JAMES FENIMORE COOPER
“L’ULTIMO DEI MOHICANI”
GARZANTI, MILANO, (1826) 2003, pp. 436
Ho scelto questo libro per congedarmi dai quattordici lettori di “Pergamena”, che mi hanno seguito per 127 puntate (quasi tre anni continuativi salvo le ferie estive). Fuori della citazione manzoniana i lettori hanno oscillato in media dai 50 ai 120 lettori per domenica, anche se comunque è una goccia nel mare di un “mercato delle lettere” italiano, fatto da molti scrittori, moltissimi giornalisti, un fitto sottobosco di piccoli editori più o meno validi e da pochi lettori per quanto in aumento. Sono venute meno le condizioni, che tre anni fa hanno presieduto alla nascita della rubrica. Di questo ringrazio il direttore de “Il Giunco” per l’ospitalità, nonostante l’asperità di uno strumento che voleva stare ad un livello di divulgazione “popolare” e militante della letteratura alta, italiana e straniera e non solo quella locale. I più aficionados potranno continuare a leggere i miei pezzi su www.letteraturaenoi.it, il blog dell’editore Palumbo, diretto da Romano Luperini, l’autore della “letteratura italiana” più diffusa nelle nostre scuole. L’appuntamento è anche su una nuova piattaforma che mantenga il livello della divulgazione.

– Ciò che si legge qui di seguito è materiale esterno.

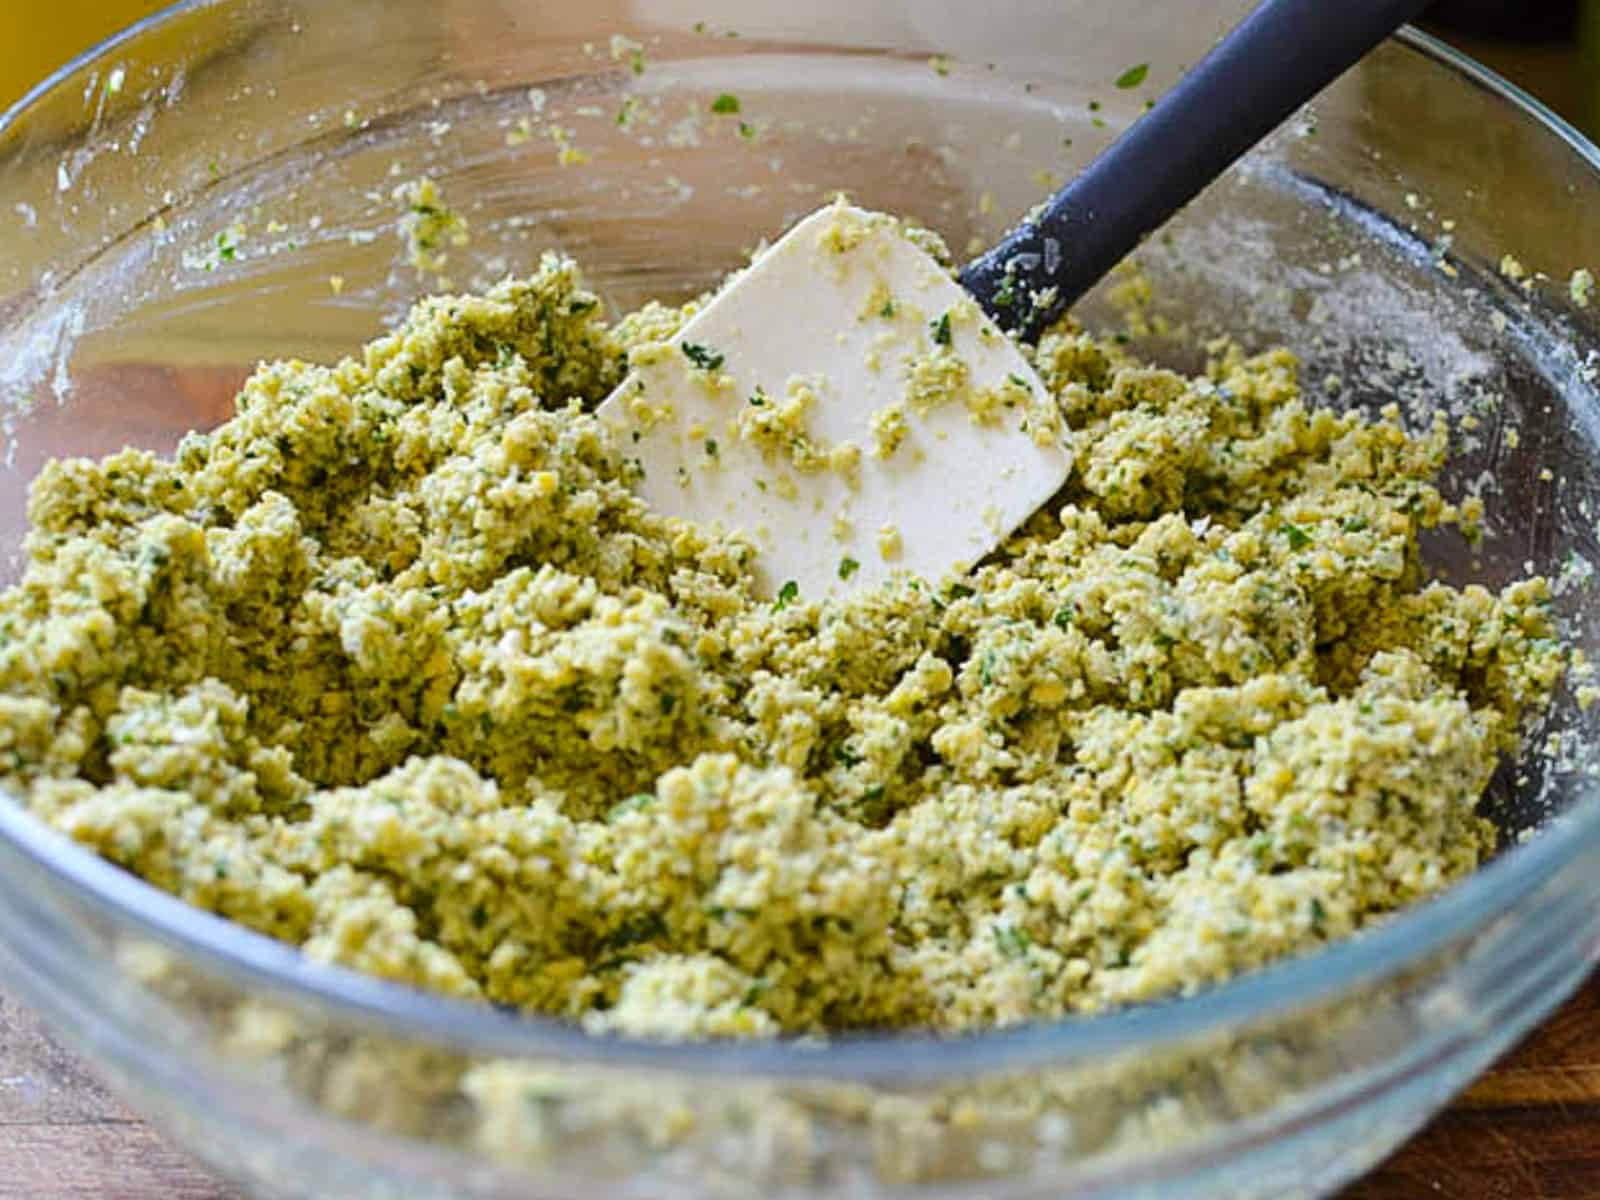 In the same food processor, add the herbs, garlic, onion and spices and pulse until there are no large pieces left. Add the herb mixture to the ground chickpeas along with the four, baking powder and baking soda and stir to combine.

Raccontando questo libro di avventure e di guerra, spesso scambiato per un libro da ragazzi e più conosciuto come film colossal (ho contato 14 versioni cinematografiche e televisive), in realtà un romanzo storico di solido impianto, non dimenticherò l’altra guerra infinita in corso in Ucraina e la lotta delle donne curde e iraniane per la vita, la libertà e la democrazia. La mia stessa lotta.
“L’ultimo dei Mohicani” (un titolo diventato espressione gergale) è il più famoso dei romanzi di Cooper e fa parte del ciclo noto come I racconti di Calza di Cuoio. Sullo sfondo della brutale guerra coloniale tra Francia e Inghilterra, combattuta a metà del Settecento nello scenario del Nord America più selvaggio, vengono narrate le vicende di Natty Bumppo, soprannominato appunto “Calza di cuoio” o “Occhio di falco”. È un cacciatore bianco, un pioniere che fuggendo la civiltà ha scelto di vivere in simbiosi con la foresta e di condividere i costumi e i valori degli indiani, soprattutto il rispetto per la natura.
Si tratta di valori misconosciuti dalla tradizione dei film western, tutti centrati sul mito statunitense della frontiera. Egli è legato da un rapporto di leale amicizia con il vecchio capo indiano Chingachgook, ultimo superstite della tribù dei guerrieri mohicani e con il figlio Uncas, che diventa protagonista della valorosa difesa gli inglesi assediati in un fortino dai soldati francesi. Il romanzo si intreccia con una travagliata storia d’amore. I tre dovranno aiutare le due figlie del colonnello inglese Munro, Alice e Cora, rapite dal nemico comune Magua, capo di un gruppo di indiani uroni, che è alleato dei francesi. Cora e Alice sono sorellastre: Cora è nata dal primo matrimonio del colonnello con una donna mulatta. Magua vuole Cora in moglie e più volte le offre la scelta fra il matrimonio e la morte, ma lei rifiuterà sempre. Il lungo inseguimento di Magua si concluderà con la morte di Cora, Uncas e dello stesso Magua, ucciso da Occhio di Falco. Il romanzo finisce con una dettagliata descrizione dei funerali di Cora e Uncas secondo il rito indiano.
Secondo la quarta di copertina “Cooper inaugura il filone epico della letteratura nazionale creando l’archetipo dell’eroe americano in bilico tra natura e civiltà, innocenza e progresso, un mito narrativo che eserciterà un profondo influsso su tutta la successiva letteratura nonché sul cinema”. Come si può capire non si tratta della storia della purezza dell’ultimo erede della stirpe dei mohicani come qualcuno ha sostenuto perché invece siamo di fronte ad una mescolanza di etnie e costumi. Il romanzo racconta il cambio drammatico di un’epoca e la nascita del cosiddetto “melting pot”, cioè la mescolanza delle nazioni, delle etnie e delle religioni, da cui nasce e si forma la nazione americana con tutta la sua forza originaria e tutte le sue contraddizioni.
Non posso negare che nella scelta di concludere “Pergamena” con questo romanzo vi sia alla base l’ identificazione con il protagonista Uncas, l’erede di una tradizione antica, che si apre alle contraddizioni del moderno. Insomma ancora un’allegoria.